• What you have to do: Which lines of the entries below include "детей"? List them all.

Saved entries
==========
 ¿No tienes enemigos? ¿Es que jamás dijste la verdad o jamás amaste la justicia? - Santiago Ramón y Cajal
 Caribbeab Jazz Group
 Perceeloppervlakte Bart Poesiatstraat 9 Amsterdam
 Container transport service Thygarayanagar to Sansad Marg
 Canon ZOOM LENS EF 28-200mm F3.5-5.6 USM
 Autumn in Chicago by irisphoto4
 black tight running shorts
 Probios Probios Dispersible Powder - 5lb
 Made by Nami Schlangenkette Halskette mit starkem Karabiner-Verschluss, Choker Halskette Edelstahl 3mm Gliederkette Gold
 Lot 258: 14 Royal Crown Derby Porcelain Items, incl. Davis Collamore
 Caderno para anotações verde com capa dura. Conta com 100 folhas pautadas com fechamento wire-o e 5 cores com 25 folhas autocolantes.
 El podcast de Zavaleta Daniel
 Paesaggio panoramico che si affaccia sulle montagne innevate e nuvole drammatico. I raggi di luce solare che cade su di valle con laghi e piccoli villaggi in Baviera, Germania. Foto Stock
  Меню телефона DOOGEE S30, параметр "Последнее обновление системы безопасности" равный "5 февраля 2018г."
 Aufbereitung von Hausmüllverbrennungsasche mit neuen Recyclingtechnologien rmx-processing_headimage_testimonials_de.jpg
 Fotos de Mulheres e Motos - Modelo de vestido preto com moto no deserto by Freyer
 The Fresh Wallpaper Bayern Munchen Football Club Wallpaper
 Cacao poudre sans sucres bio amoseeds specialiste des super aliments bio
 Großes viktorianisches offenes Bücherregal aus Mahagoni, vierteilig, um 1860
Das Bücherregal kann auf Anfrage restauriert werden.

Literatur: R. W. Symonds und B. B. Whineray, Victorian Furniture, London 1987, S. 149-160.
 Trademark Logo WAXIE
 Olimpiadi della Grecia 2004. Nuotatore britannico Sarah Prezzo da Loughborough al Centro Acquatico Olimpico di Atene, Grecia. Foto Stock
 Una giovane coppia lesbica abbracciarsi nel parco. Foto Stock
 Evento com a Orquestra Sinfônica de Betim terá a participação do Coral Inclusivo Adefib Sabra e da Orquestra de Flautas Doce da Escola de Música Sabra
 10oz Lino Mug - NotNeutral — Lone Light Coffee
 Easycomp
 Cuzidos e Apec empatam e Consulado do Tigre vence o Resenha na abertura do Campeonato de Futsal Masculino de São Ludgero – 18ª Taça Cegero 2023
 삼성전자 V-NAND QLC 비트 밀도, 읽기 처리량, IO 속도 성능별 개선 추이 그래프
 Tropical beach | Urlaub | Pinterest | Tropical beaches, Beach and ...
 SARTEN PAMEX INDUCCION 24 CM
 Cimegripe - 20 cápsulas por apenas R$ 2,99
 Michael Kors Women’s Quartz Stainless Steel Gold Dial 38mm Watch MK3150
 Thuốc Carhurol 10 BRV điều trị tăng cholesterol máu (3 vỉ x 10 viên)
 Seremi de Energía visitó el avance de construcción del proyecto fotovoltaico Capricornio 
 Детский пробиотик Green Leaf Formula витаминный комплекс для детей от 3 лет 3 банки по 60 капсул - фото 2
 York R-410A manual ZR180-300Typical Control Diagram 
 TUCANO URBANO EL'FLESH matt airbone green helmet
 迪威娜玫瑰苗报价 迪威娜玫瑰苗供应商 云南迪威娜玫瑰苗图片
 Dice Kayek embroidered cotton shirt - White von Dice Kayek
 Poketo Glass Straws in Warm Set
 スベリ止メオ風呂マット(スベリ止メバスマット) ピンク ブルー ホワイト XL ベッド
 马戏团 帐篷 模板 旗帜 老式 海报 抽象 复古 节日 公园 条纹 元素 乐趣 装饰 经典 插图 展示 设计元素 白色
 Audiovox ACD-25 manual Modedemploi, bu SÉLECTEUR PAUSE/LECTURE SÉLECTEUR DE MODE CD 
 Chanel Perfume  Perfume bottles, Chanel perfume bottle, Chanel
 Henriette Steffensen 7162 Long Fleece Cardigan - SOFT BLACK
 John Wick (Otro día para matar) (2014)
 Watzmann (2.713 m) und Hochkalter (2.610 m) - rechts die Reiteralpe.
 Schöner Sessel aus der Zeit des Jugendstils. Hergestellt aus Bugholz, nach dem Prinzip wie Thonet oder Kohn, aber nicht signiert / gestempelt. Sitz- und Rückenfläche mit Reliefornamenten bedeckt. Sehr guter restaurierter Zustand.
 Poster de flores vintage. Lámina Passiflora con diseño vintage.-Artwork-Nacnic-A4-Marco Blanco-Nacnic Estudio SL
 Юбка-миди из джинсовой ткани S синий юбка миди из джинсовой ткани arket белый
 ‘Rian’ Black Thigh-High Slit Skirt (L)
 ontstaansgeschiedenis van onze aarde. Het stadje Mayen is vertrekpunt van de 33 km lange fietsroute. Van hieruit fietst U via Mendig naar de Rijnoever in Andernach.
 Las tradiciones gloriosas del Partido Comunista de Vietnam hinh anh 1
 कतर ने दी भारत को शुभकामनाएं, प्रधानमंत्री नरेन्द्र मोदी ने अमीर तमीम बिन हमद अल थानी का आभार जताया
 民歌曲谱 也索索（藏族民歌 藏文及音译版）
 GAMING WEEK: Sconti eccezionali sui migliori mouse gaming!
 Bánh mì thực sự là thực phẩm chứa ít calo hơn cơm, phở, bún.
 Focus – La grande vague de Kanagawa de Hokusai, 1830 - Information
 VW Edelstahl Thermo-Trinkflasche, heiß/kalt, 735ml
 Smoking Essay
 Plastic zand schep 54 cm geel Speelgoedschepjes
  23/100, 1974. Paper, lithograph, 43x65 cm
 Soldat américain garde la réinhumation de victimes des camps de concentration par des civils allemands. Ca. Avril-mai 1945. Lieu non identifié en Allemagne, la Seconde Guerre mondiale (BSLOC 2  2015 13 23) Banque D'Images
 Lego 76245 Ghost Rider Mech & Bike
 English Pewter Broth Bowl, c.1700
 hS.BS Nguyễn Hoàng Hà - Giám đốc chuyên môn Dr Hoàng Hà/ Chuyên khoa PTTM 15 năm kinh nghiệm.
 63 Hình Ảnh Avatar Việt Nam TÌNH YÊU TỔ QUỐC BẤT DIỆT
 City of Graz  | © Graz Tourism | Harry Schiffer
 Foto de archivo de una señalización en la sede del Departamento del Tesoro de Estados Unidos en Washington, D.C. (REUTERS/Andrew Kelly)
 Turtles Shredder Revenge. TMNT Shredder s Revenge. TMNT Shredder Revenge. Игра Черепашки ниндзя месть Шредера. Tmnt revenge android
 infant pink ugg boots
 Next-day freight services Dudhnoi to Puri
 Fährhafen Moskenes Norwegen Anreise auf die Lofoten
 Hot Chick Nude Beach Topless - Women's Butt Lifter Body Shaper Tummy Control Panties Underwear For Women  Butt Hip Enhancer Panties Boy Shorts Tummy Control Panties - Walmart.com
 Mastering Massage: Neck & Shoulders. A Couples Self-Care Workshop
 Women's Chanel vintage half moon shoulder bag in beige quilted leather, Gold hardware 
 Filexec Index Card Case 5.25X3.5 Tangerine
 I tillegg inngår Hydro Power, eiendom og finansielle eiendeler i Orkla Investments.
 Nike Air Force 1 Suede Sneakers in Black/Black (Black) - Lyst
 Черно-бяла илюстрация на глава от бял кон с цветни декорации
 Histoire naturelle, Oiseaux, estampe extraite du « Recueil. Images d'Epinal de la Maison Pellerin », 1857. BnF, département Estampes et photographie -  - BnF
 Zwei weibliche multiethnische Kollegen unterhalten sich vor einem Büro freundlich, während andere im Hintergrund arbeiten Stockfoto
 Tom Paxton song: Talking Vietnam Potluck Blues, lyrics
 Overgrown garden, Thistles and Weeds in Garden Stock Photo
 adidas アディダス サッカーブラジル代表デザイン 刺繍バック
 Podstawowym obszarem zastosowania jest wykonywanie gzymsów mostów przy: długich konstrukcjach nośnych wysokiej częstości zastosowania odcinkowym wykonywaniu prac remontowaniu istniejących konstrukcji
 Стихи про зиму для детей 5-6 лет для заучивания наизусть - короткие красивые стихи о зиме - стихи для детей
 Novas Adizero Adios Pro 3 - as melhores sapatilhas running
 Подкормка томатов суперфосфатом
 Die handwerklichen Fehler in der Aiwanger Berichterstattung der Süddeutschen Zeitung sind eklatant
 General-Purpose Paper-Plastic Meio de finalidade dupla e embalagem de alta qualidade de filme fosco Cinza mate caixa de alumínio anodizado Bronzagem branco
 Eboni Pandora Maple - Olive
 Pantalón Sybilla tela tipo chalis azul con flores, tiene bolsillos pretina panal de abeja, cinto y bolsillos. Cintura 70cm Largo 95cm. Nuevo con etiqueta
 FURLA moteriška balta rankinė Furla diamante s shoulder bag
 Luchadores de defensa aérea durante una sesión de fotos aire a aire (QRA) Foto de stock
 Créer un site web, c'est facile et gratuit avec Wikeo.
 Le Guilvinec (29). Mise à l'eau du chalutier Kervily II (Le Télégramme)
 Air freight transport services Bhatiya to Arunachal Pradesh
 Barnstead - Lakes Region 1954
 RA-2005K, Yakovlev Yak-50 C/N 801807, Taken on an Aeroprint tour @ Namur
==========
• Answer to this problem:
 Детский пробиотик Green Leaf Formula витаминный комплекс для детей от 3 лет 3 банки по 60 капсул - фото 2
 Стихи про зиму для детей 5-6 лет для заучивания наизусть - короткие красивые стихи о зиме - стихи для детей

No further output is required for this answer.